▶ _Data provided_:
####################
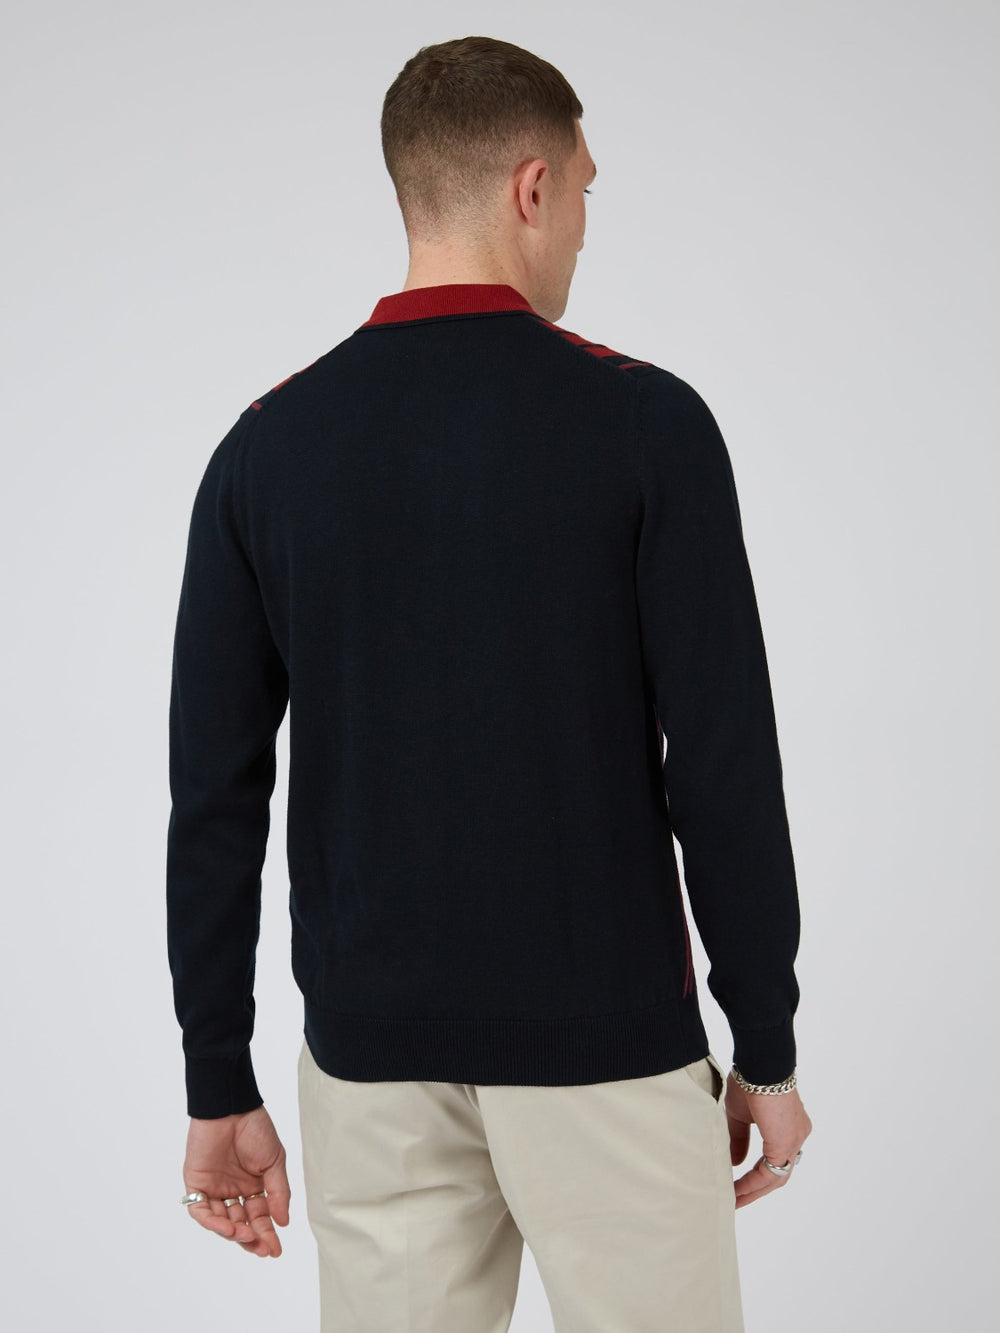 Ben Sherman, Long-Sleeve Knit Polo, Men's Sweater Polo, Red, Black Polo, Collared Sweater Polo,back
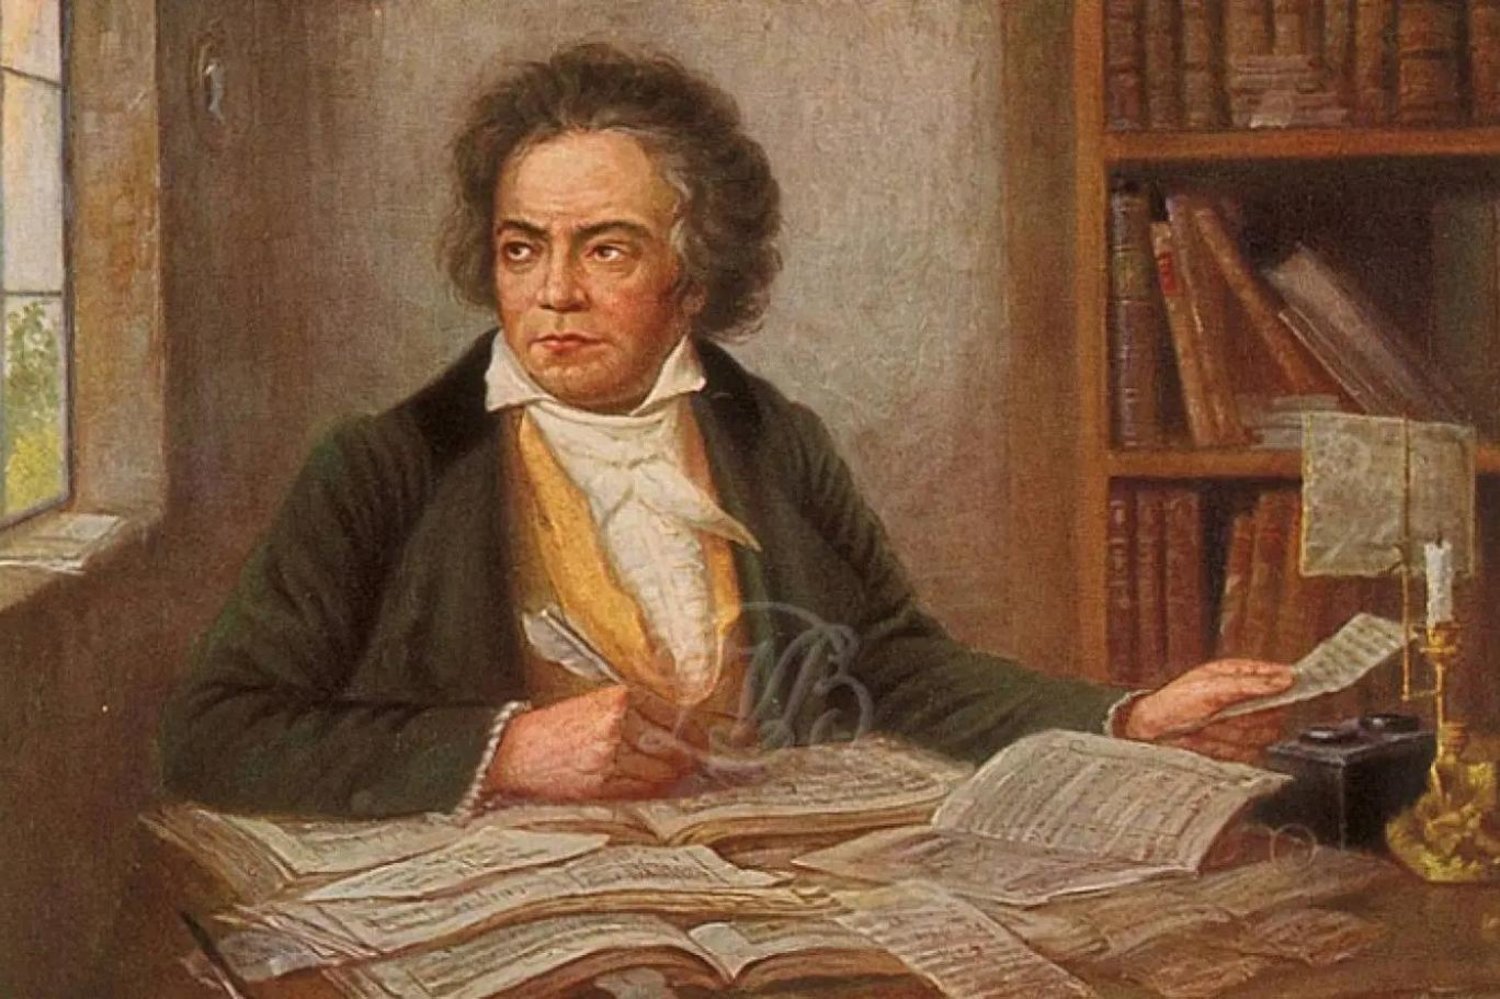 9 senfonisi, 5 piyano konçertosu, 32 piyano sonatı, 16 yaylı dörtlüsü ve hayatı boyunca yazdığı tek opera olan Fidelio, Beethoven'ın en çok bilinen eserlerinden (Wikimedia Commons)

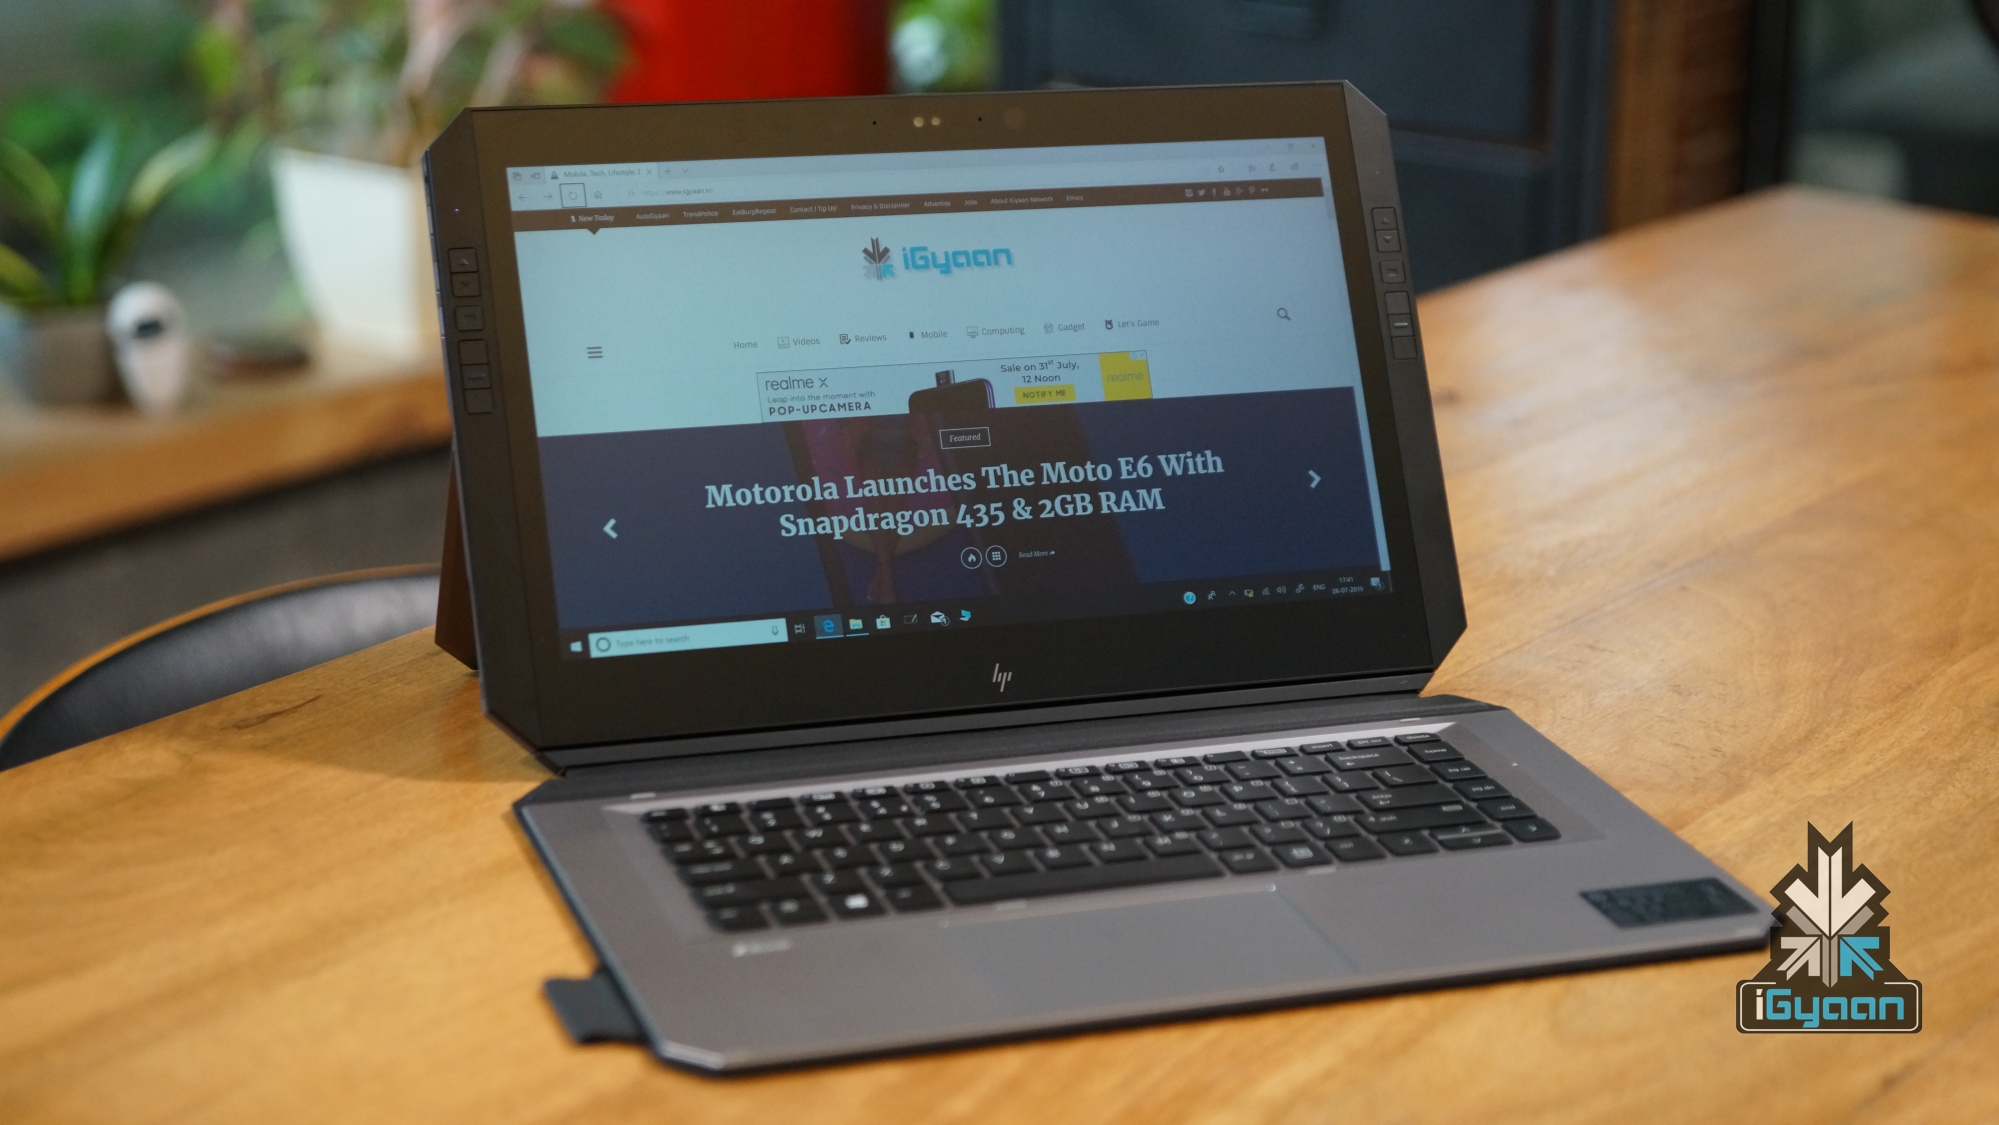 Purper Veilig knal HP Zbook X2 G4 Unboxing & Hands On, Specs & Features | iGyaan
####################
▶ _To do_: Without the pictures, reproduce each line from the one containing "9 senfonisi, 5" through the last line of the material above, both of those lines included.

▶ _Response for this exercise_:
 9 senfonisi, 5 piyano konçertosu, 32 piyano sonatı, 16 yaylı dörtlüsü ve hayatı boyunca yazdığı tek opera olan Fidelio, Beethoven'ın en çok bilinen eserlerinden (Wikimedia Commons)

 Purper Veilig knal HP Zbook X2 G4 Unboxing & Hands On, Specs & Features | iGyaan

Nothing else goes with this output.